Wednesday, March 4, 2009

Public defacement or post-modern masterpieces?

When I was studying abroad (a bit of a contradiction in terms), the streets of Florence really confounded me. Even towards the end of my 6 month stay in the Renaissance city, I could still end up literally walking in a circle three times, struggling to find my photography class. I had different methods of survival:

1) Attach myself to someone who knew where the hell they were going. This would often work out beautifully. Problem was, I would be so busy blabbing to them about random things on the way there, I would never learn the way myself.

2) Before bed, I would study a map of Florence, using a thin yellow highlighter to delineate my path through the maze of cobblestones, wine bars, shrines to saints, and little pizza shacks filled with Italian teenagers. Ok, that didn't work. Turning a 2D geographical model into a real-life solution - well, not my greatest strength.

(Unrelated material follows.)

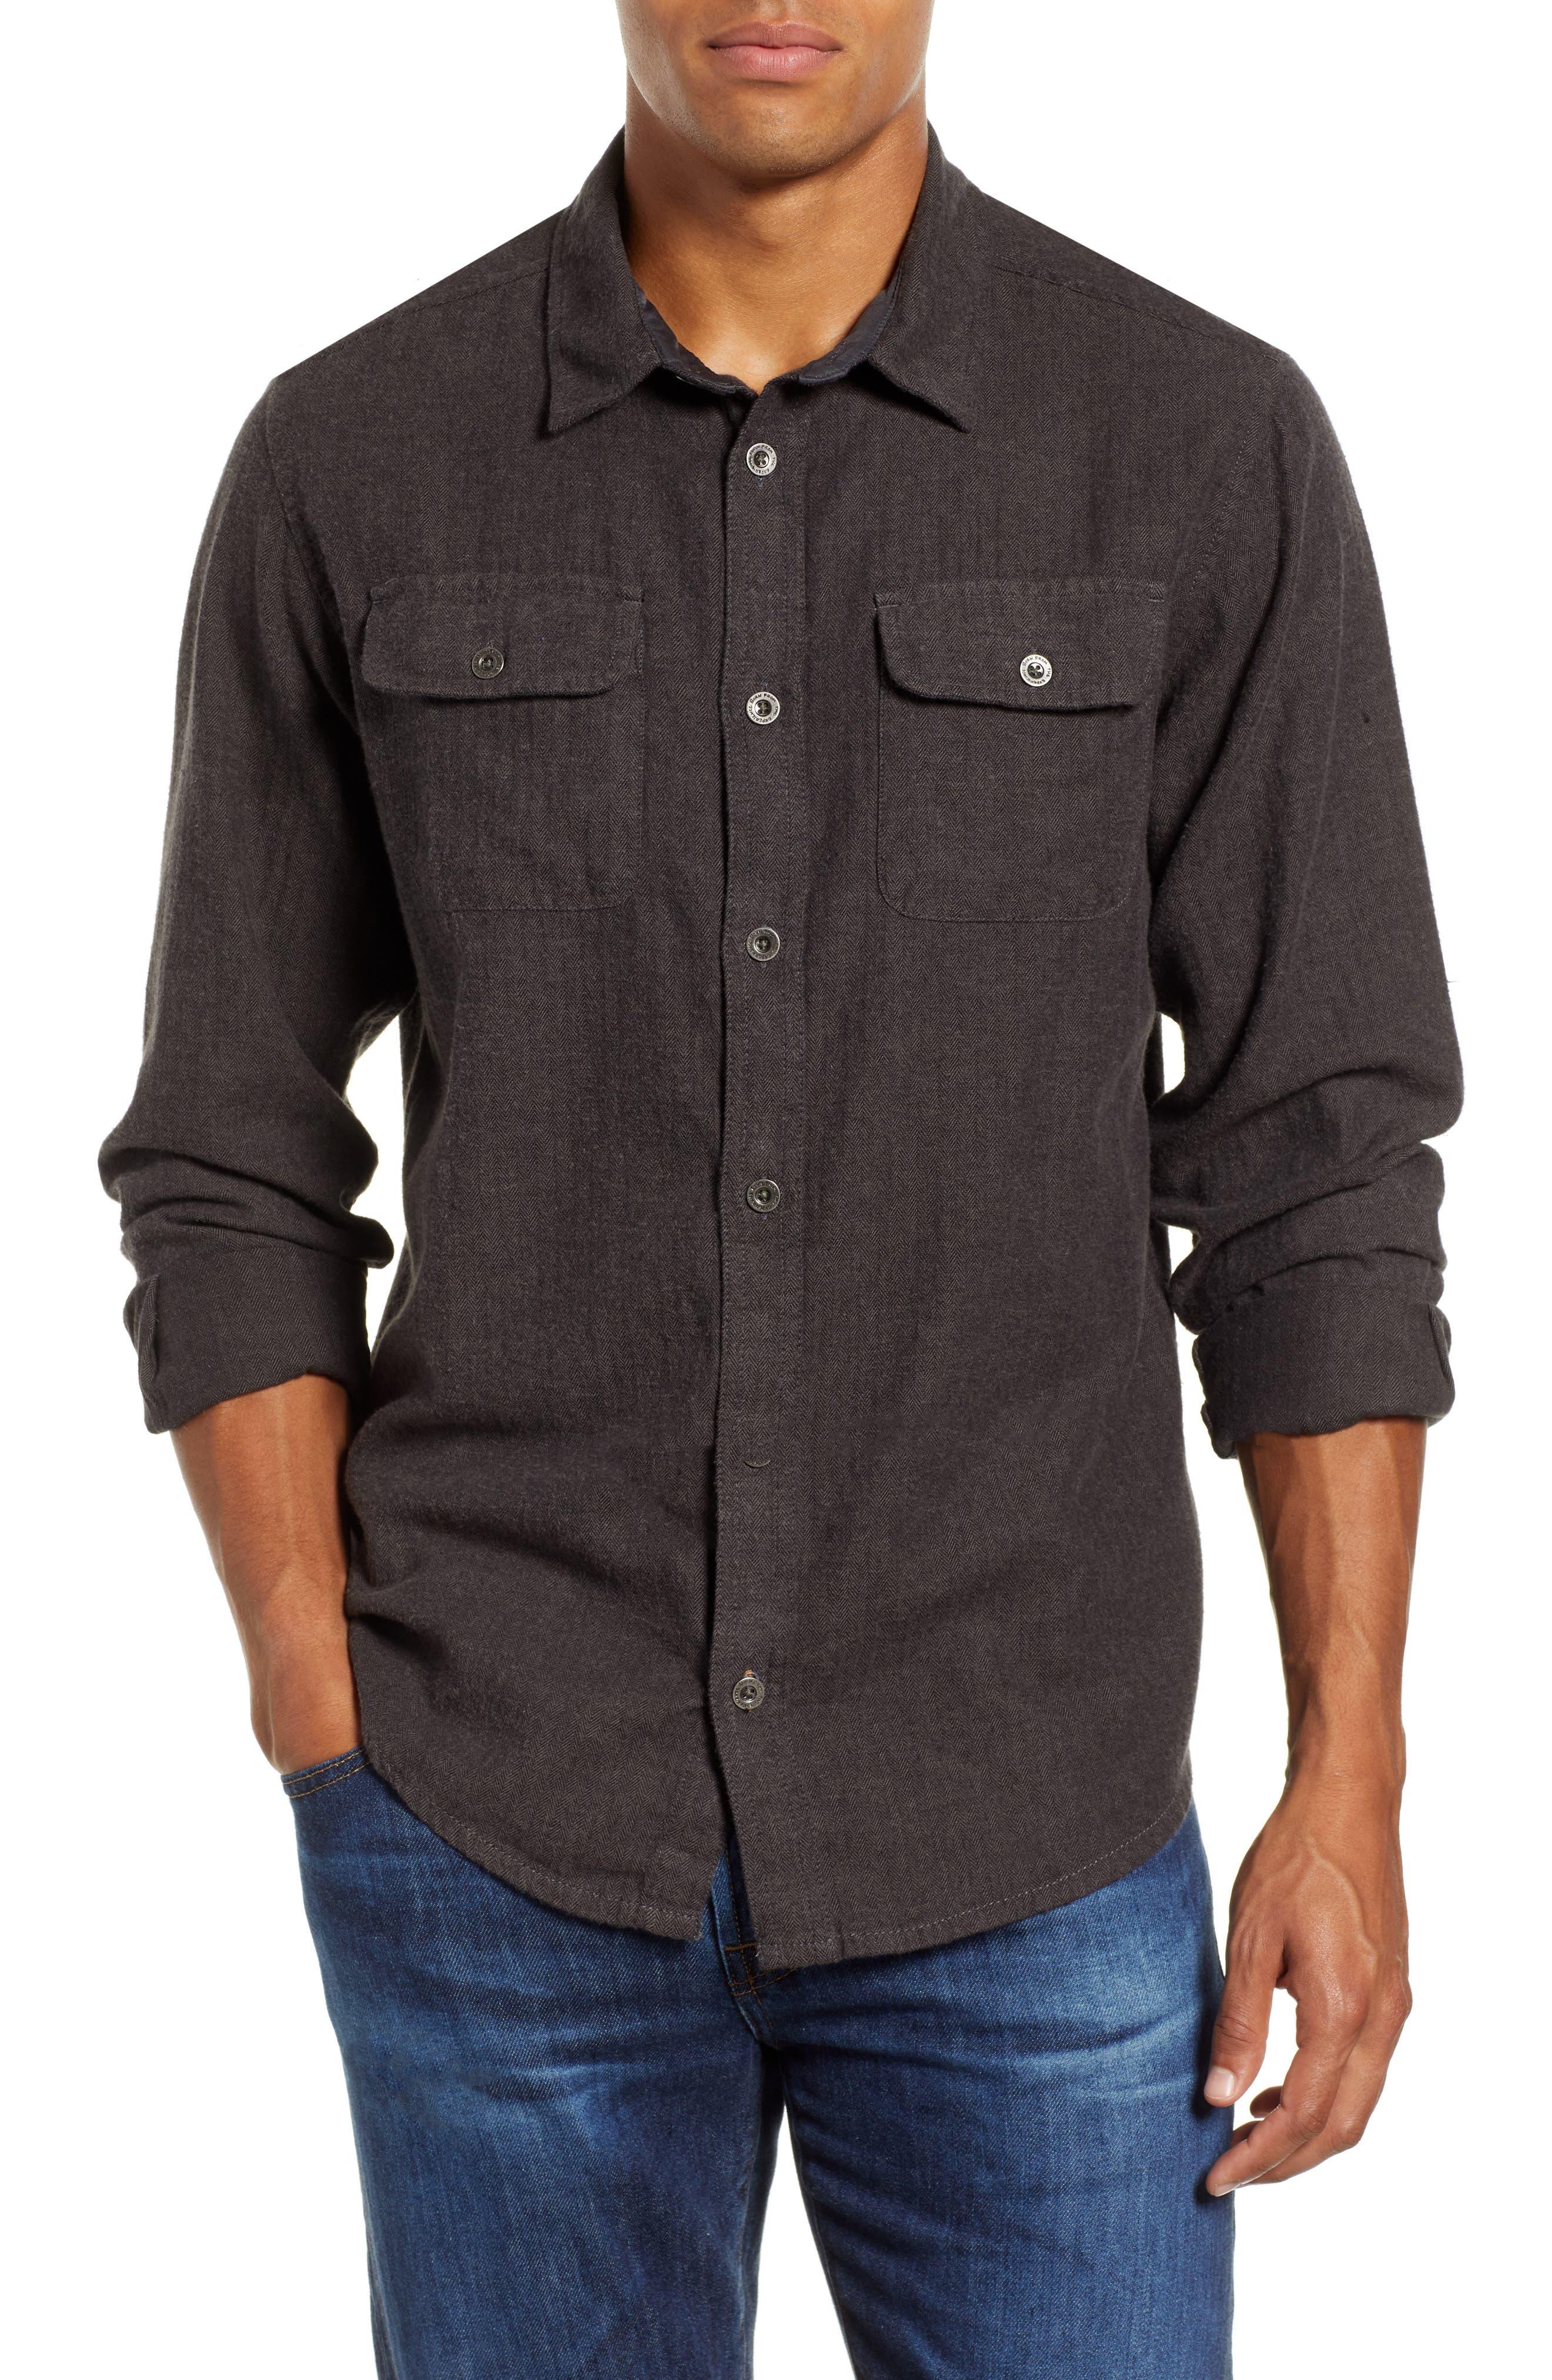 Lybek Regular Fit Herringbone Flannel Shirt,                         Main,                         color, SCORCHED BROWN HERRINGBONE
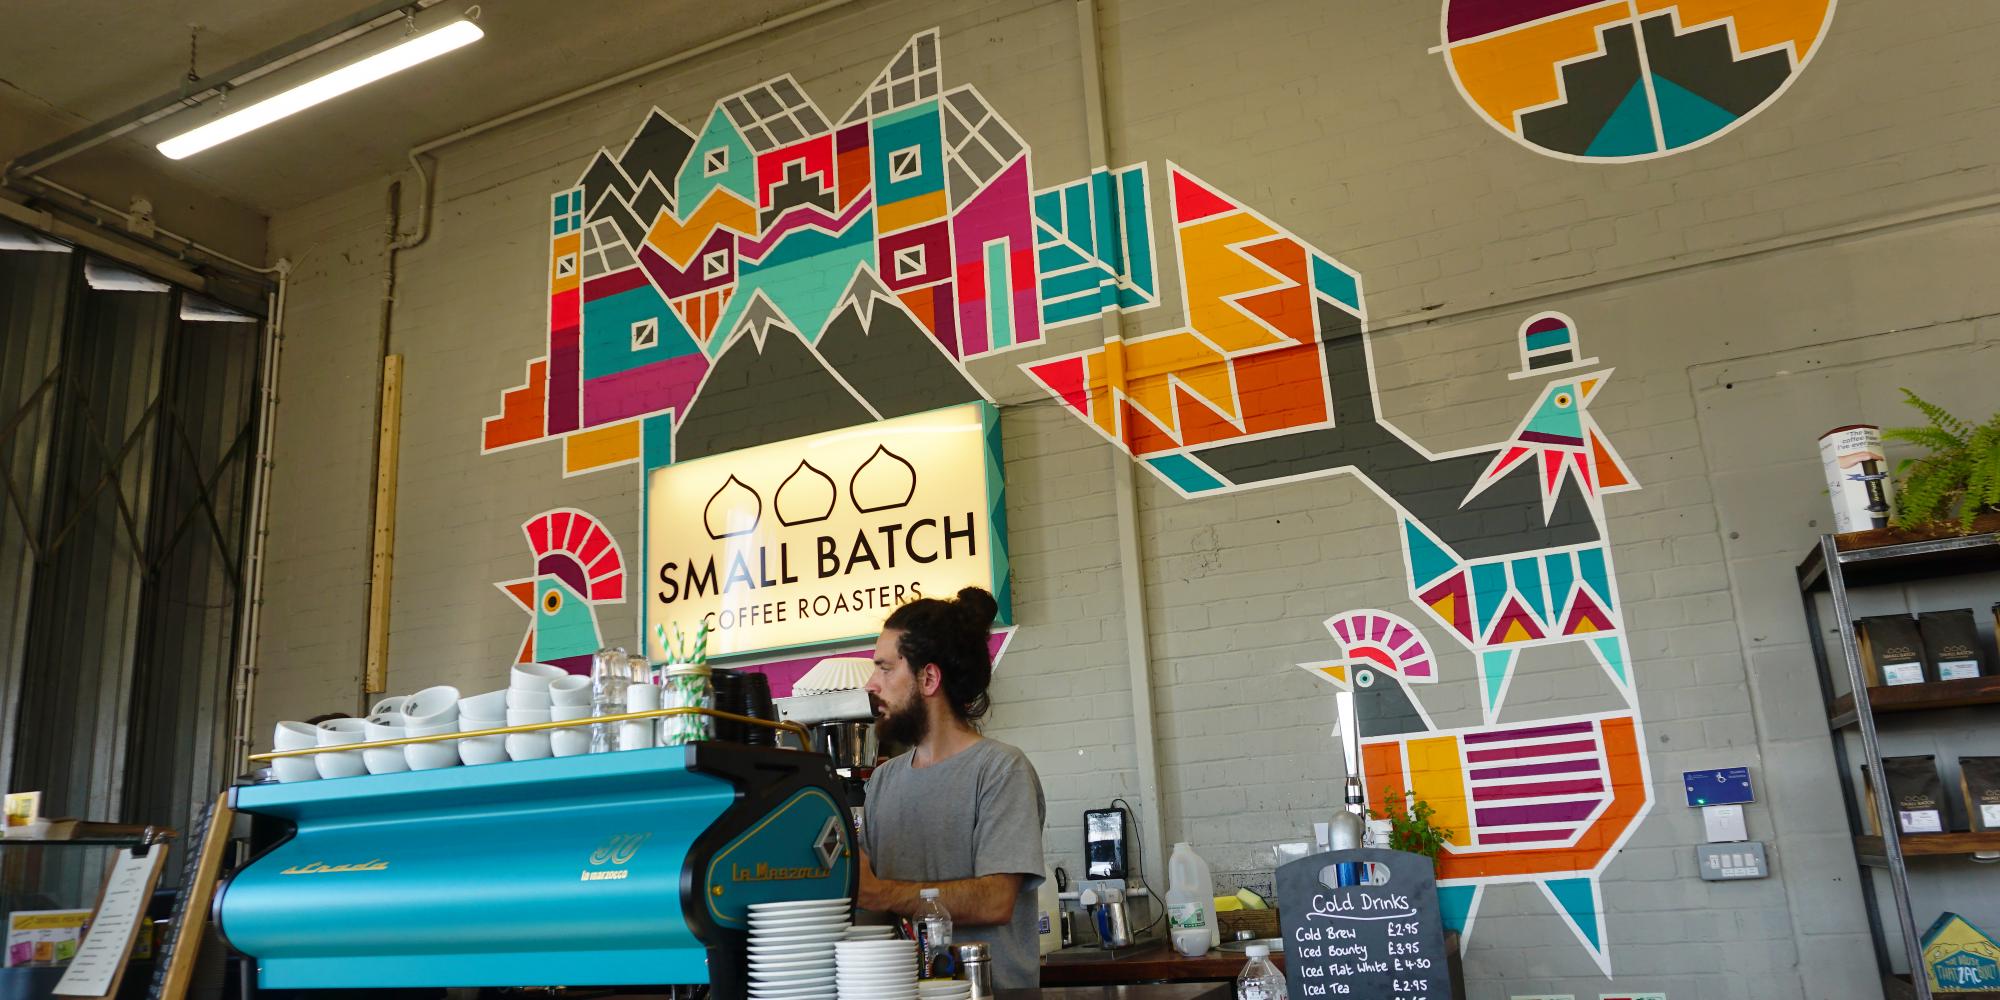 Small Batch Coffee (Wellington House)

3) The winning method. Graffiti. That messy, hectic, winding explosion of lines and colors. I've always hated to see it stain a city, make it less beautiful. Less clean. Amazingly, miraculously, Italian graffitti seemed fresh and artistic. It was likely my tourist eyes, but I was drawn to each line. It's almost like the spirit of Michelangelo was wavering around the city lines, infusing each artistic expression with grace and importance. I swore by these landmarks. Picture of toothy monster? Yep, I'm three blocks from my tiny apartment on Borgo Pinti. Stenciled image of the Little Prince? If I wait until 8 pm, jazz will start issuing out of the building across the street - and it won't die down till the wine runs out. Graffitti as signposts, graffitti as something helpful and beautiful. What a novel idea - if only the Italian dog shit on the street charmed me just as much...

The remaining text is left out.